В открытое окно дует холодный ветер, и я кутаюсь в кофту.
— Что заставляет его так себя вести? Его обижали, что-то в этом роде?
— Его мать женщина, скажем так, не в полной мере занимающаяся этой проблемой, но старается не выглядеть равнодушной. Отец с ними не живет, поэтому возможна связанная с этим травма. Вместе с тем можно предположить, что психическое расстройство Питера наследственное.
— Вы хотите сказать, что он таким родился?
— Вполне возможно.
В книге «Что ждать, когда вы ждете» ни о чем подобном не писали. Я сразу представила название главы: «Нежелательное наследие».
— Но вы увидите, что Питер может быть очень милым, если захочет.
— Вот как? Когда поднесет ножницы к моей голове?
Доктор смеется:
— Кажется, я вас запугал. Все будет хорошо. Вы произвели на меня впечатление квалифицированного специалиста.
Ага. Такого квалифицированного, что собственная мать меня уволила.
— Вы будете моими глазами и ушами в доме. Я хотел бы просить вас звонить мне после каждого занятия с Питером.
— Разумеется. Мы с Евой будем у него в понедельник. — Если я не найду отговорку.
— В понедельник у меня последний прием в пять. Если вас не затруднит, позвоните ближе к вечеру.
— Да, конечно, — механически произношу я, размышляя лишь о том, что через три дня мне предстоит учить Ганнибала Лектора.

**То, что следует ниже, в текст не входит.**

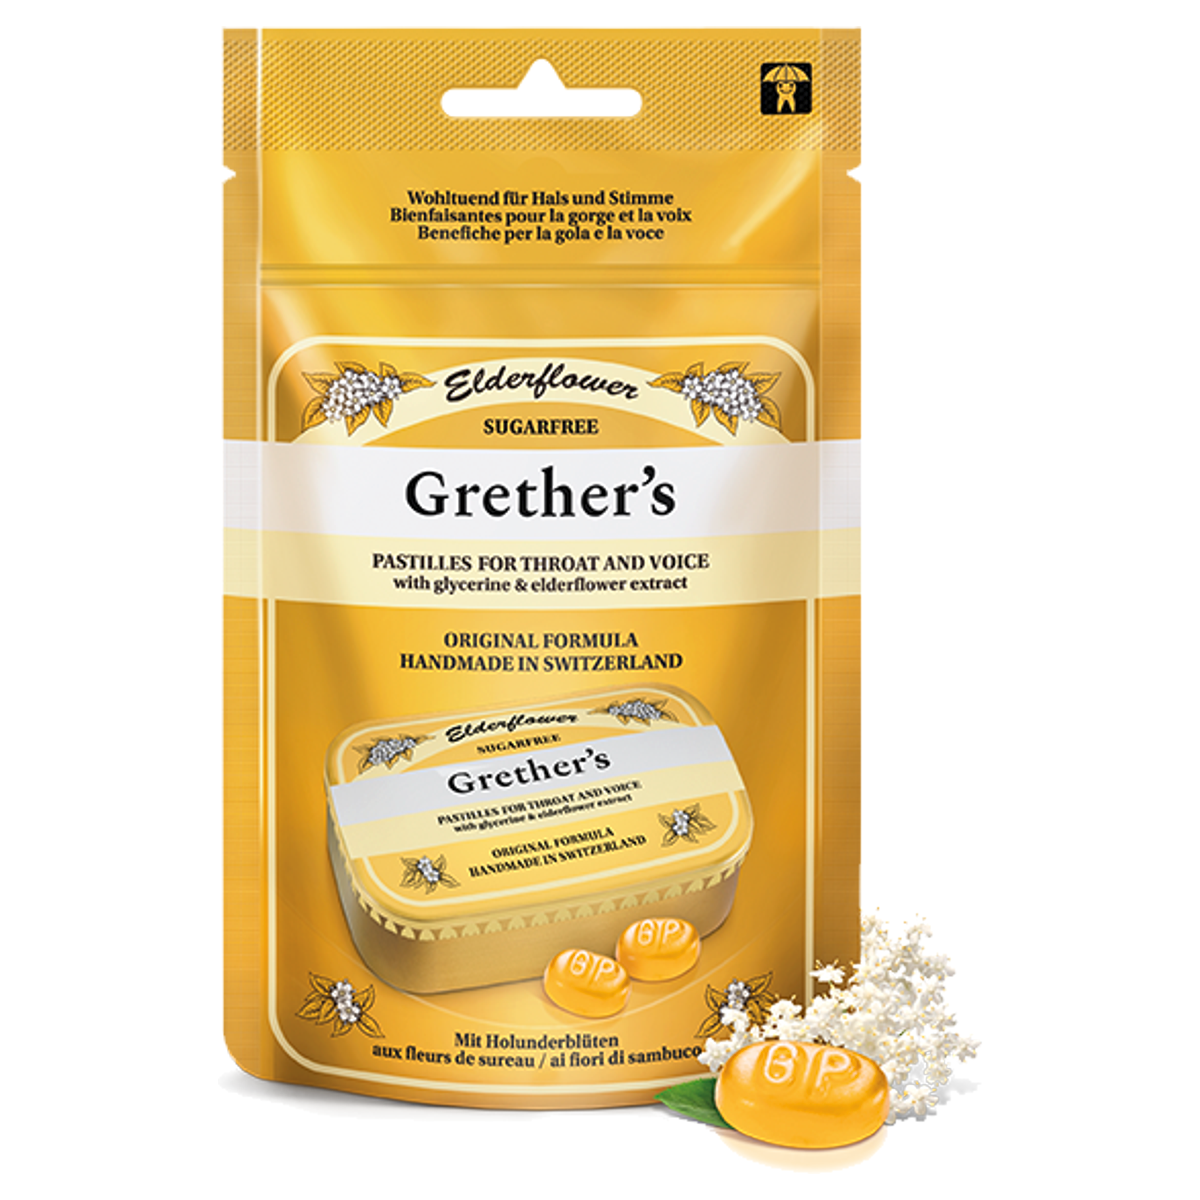 Grethers Elderflower Pastillen ohne Zucker Beutel 110 g

В понедельник утром я выбираю одежду с особой тщательностью и останавливаюсь на синих брюках и сером кашемировом свитере, подаренном мамой на прошлое Рождество. Дело не в том, что я хочу произвести впечатление на нового ученика, скорее мне хочется поразить Кэрри. Беспрестанно думаю о ней по дороге на работу, одновременно надеясь, что днем все пройдет гладко, и Ева не будет беспрестанно ныть и жаловаться. Хотелось бы иметь достаточно времени до встречи, чтобы добраться до Маккормик-Плейс и найти столик в ресторане отеля «Хайятт» до того, как появится Кэрри.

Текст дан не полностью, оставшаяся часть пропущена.